1.     Risk Identification – Process of uncovering, recognising, and describing risk factors that may potentially lead to claims. Various techniques, such as toolbox meetings and SWMS, are employed to help identify potential risks.

2.     Risk Analysis – The identification of the effects of risks registered.

3.     Risk Evaluation – Identifies and determines the risk magnitude, likelihood, and consequences that risk may bring about in the day-to-day business activities. This also helps businesses decide which risks warrant serious consideration or treatment.

4.     Risk Treatment – Developing a risk response plan. At this stage, businesses can assess the highest risks and develop a risk response plan. This includes the creation of risk mitigation strategies, prevention plans and contingency planning.

5.     Monitoring and Review – Using a risk register will help businesses monitor, track and review risks. Putting a framework around these risks will help de-risk any potential claims or incidents from occurring.

What are the 5 key areas that insurers look for when evaluating a business’s risk management procedures and suitability for insurance?

1.     Risk Management Culture – The degree to which risk and risk management are important considerations in decision making.

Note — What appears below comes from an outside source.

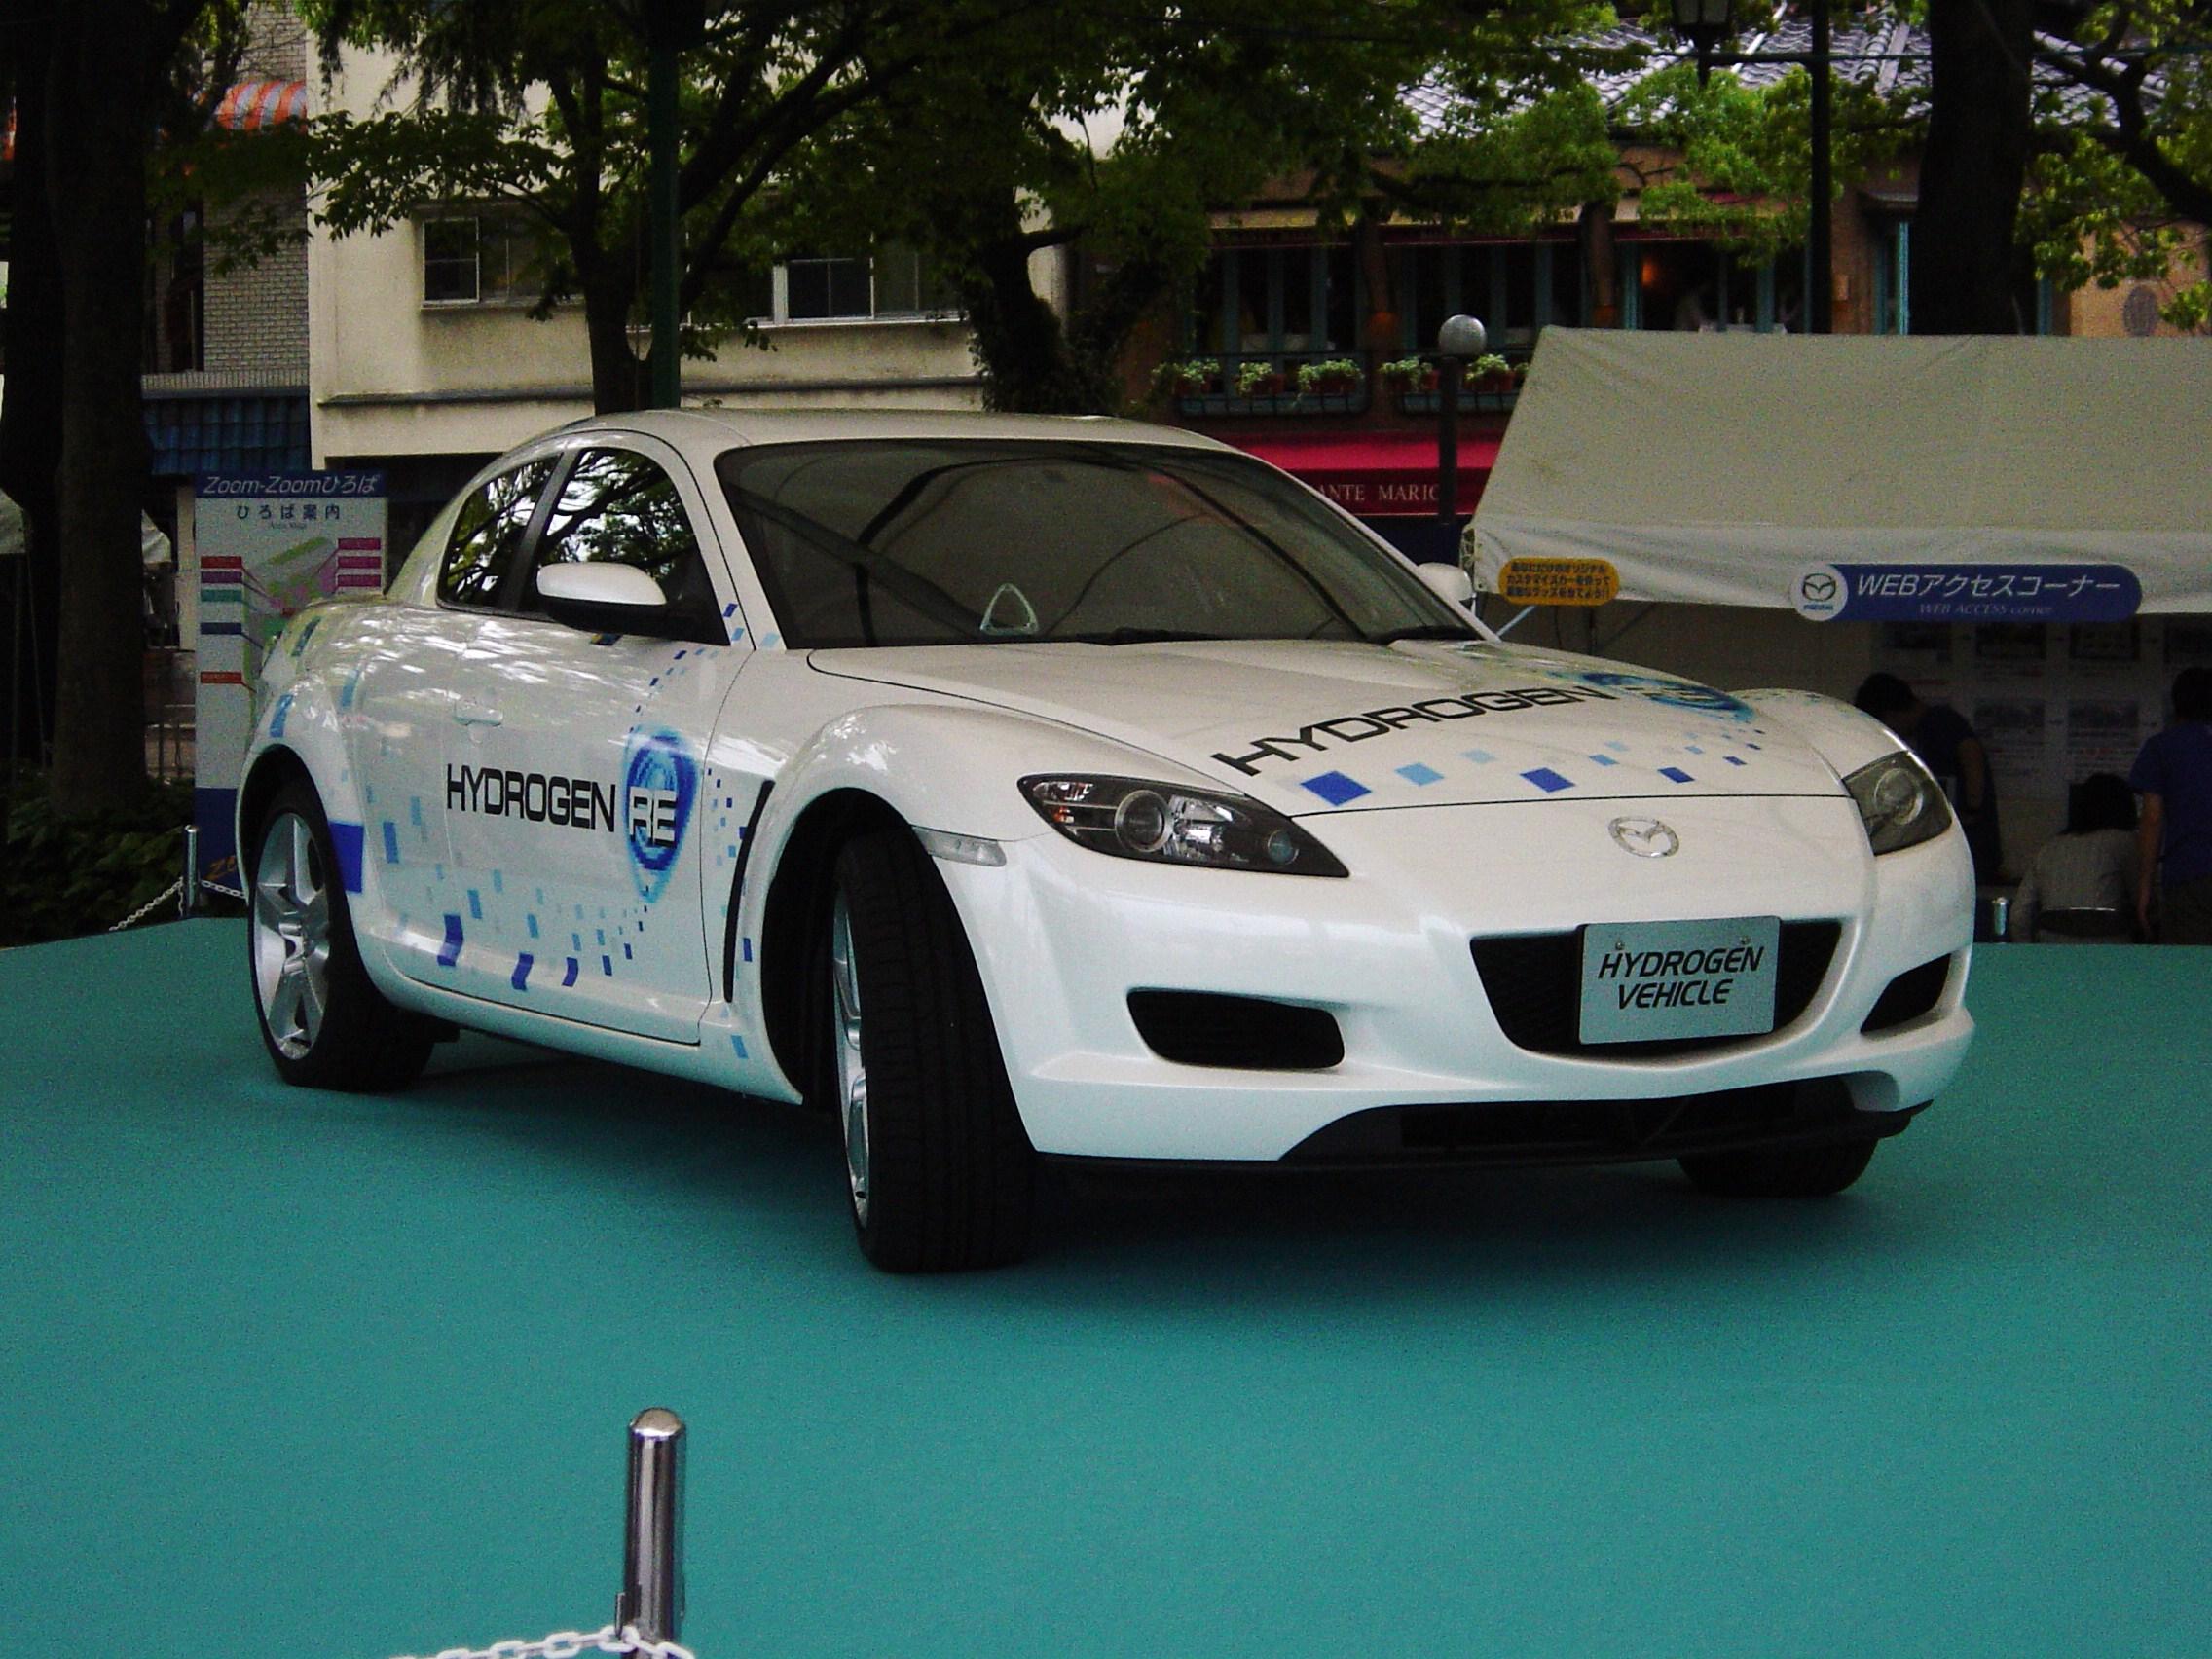 Hydrogen internal combustion engine vehicle - Wikipedia

It also helps in evaluating a business’s philosophy in regards to risk and risk appetite, governance, and organizational structure of its risk management procedures.

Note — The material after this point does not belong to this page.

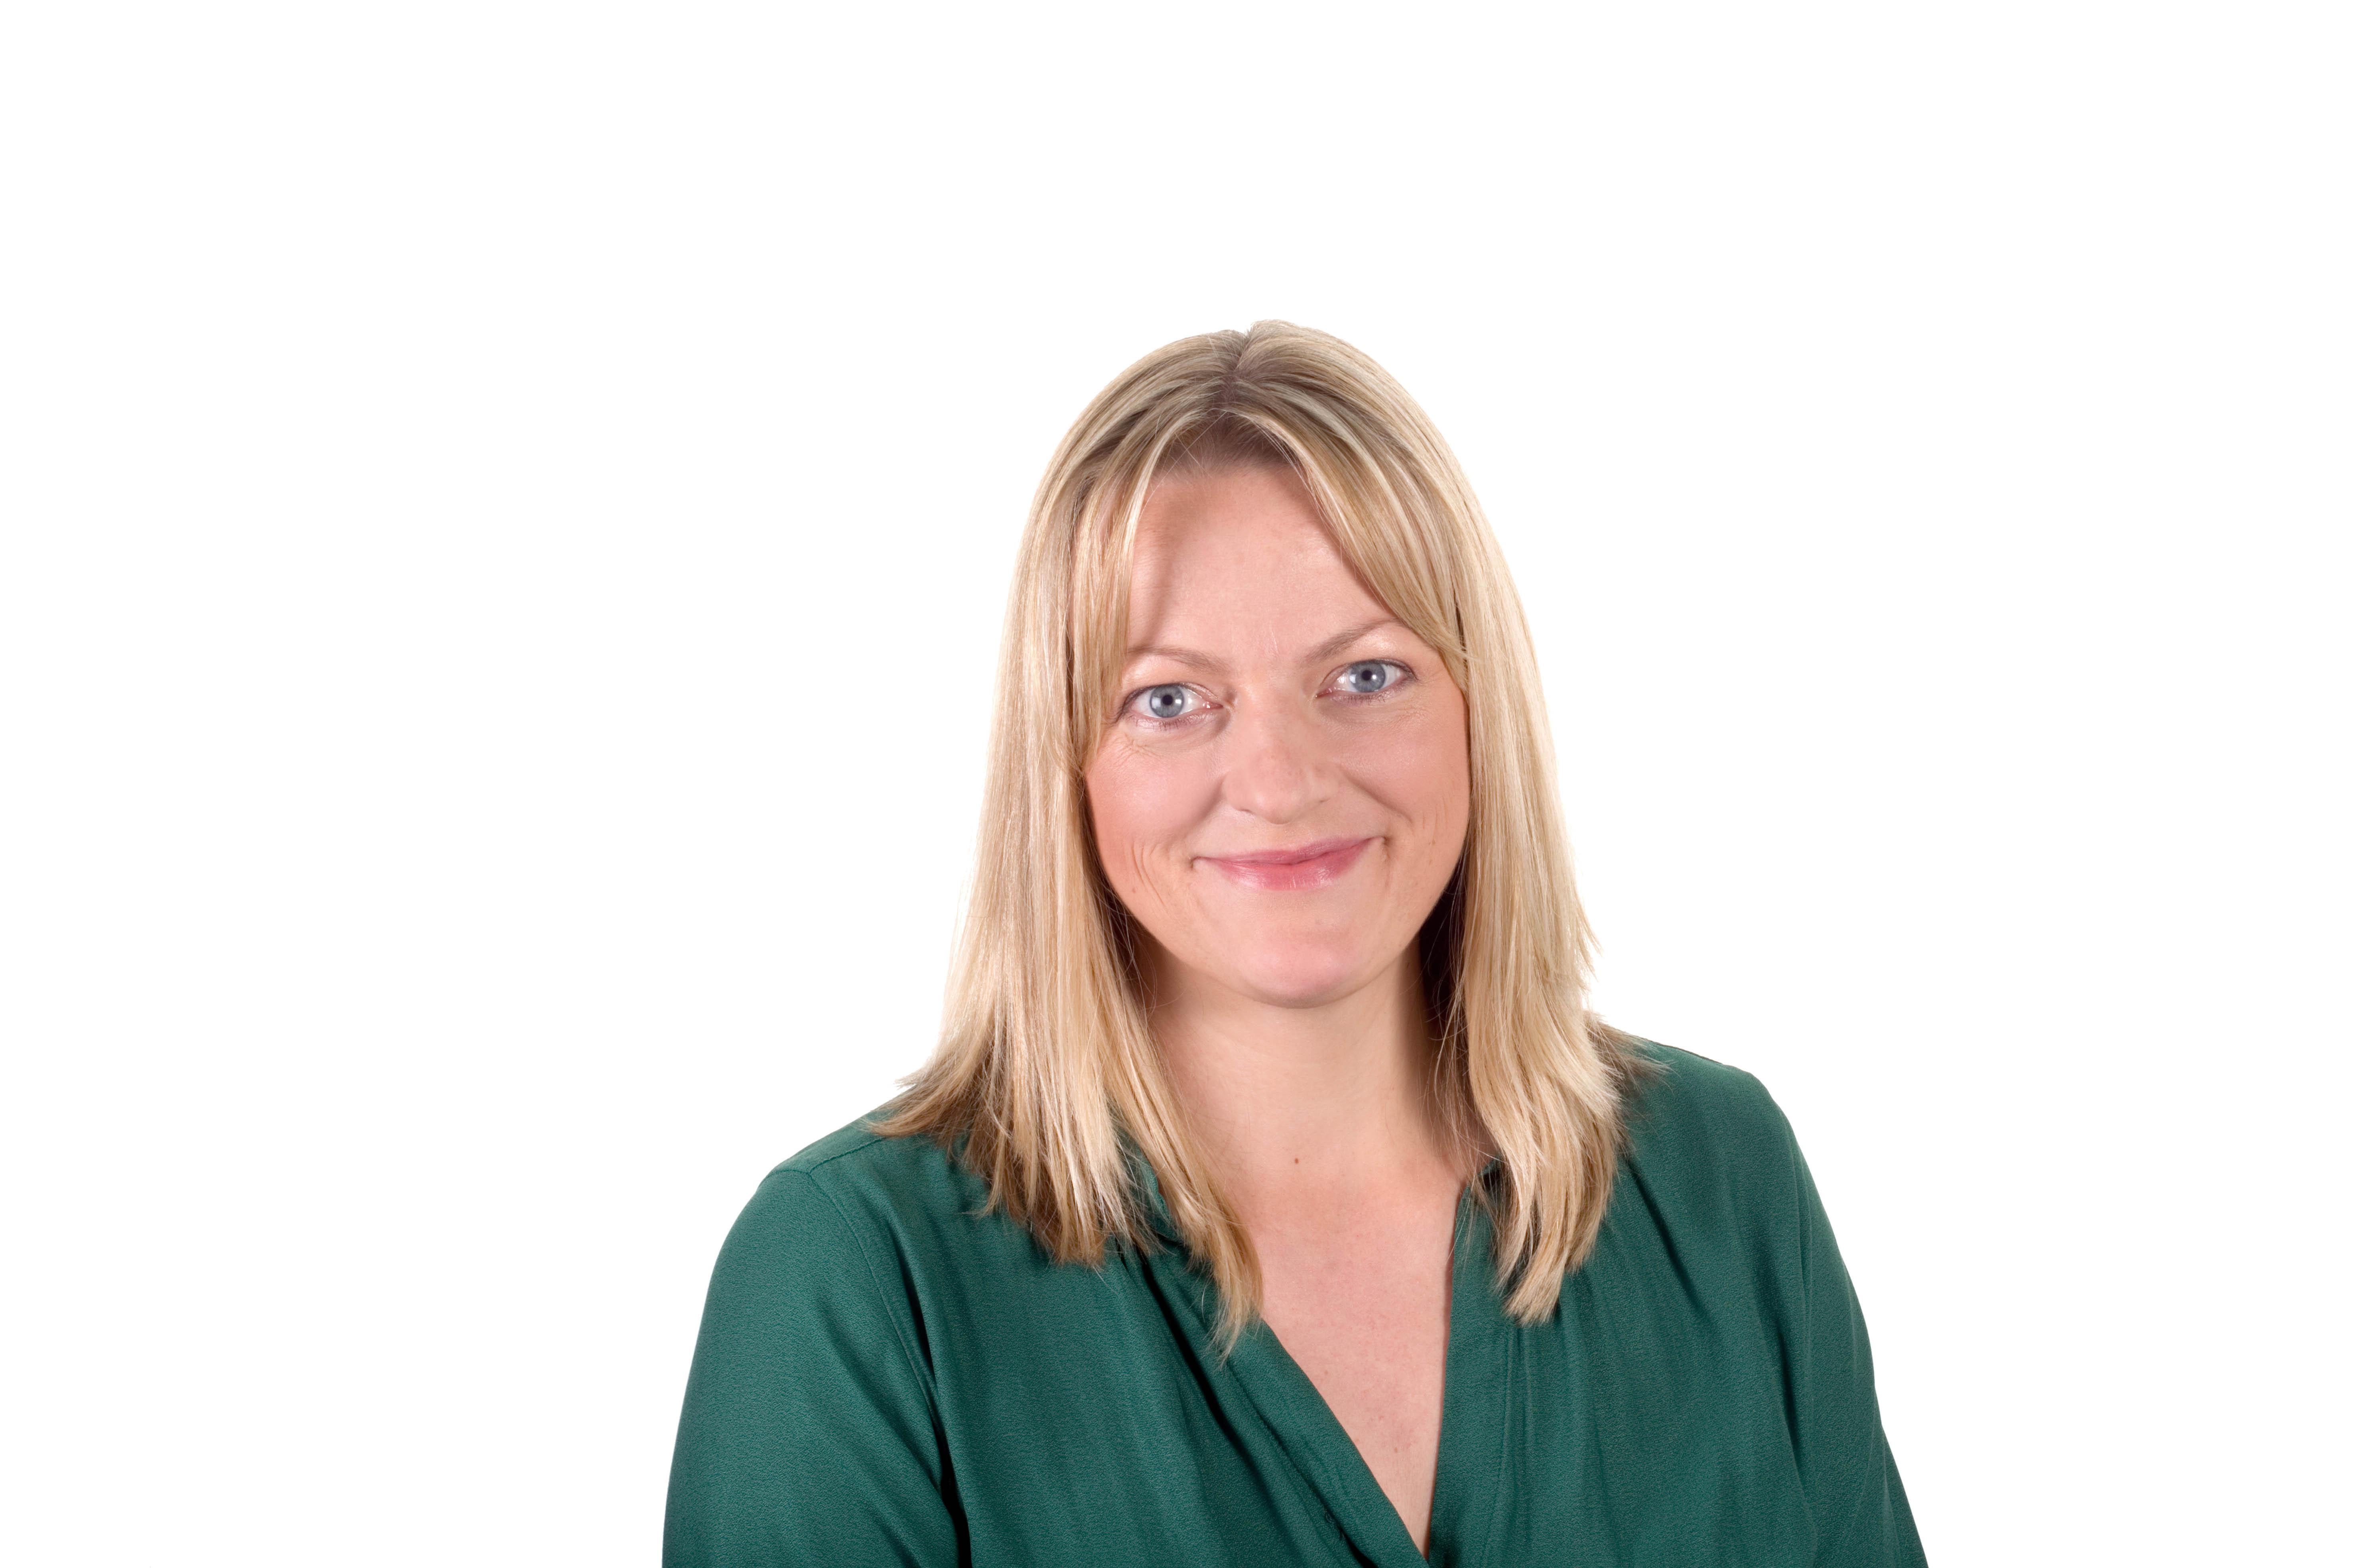 Amanda Green, ICS Business Partnership Manager

2.     Risk Control – The evaluation of the entity’s quality risk management, risk monitoring standards, and limits for retained risks.

3.     Extreme Event Management – the process of envisioning the impact of likely disasters through scenario analysis and stress testing. This helps in identifying the potential impact to the company’s reputation, liquidity, and overall financial muscle in catastrophic events. This is essential in assessing the reliability and adequacy of catastrophic risk reinsurance and retrocession to reduce the impact of conceivable company disasters thus ensuring the survival of the enterprises.

4.     Risk & Capital Models – To monitor, control, and manage risk exposures, indicative, predictive, and sensitivity risk measures. Indicative measures are available in accounting, administrative, or underwriting systems. Some examples include life insurance sum insured, probable maximum loss, premiums earned, asset values, staff turnover rates and auditing. Predictive measures can be estimated using complicated simulation models that take into account the expected shortfall and value at risk.

5.     Strategic Risk Management – The risk involved due to the changing technological processes. It is therefore important for an organization to develop an action plan that will look into risks that will potentially disrupt the operations of the company due to technological shifts.

It is important that businesses develop and create risk management plans and procedures to help reduce the likelihood of future claims or incidents occurring. Having a simple and effective risk management plan helps businesses create credibility in their respective marketplace which hence attracts a higher sophisticated customer base leading to greater profitability.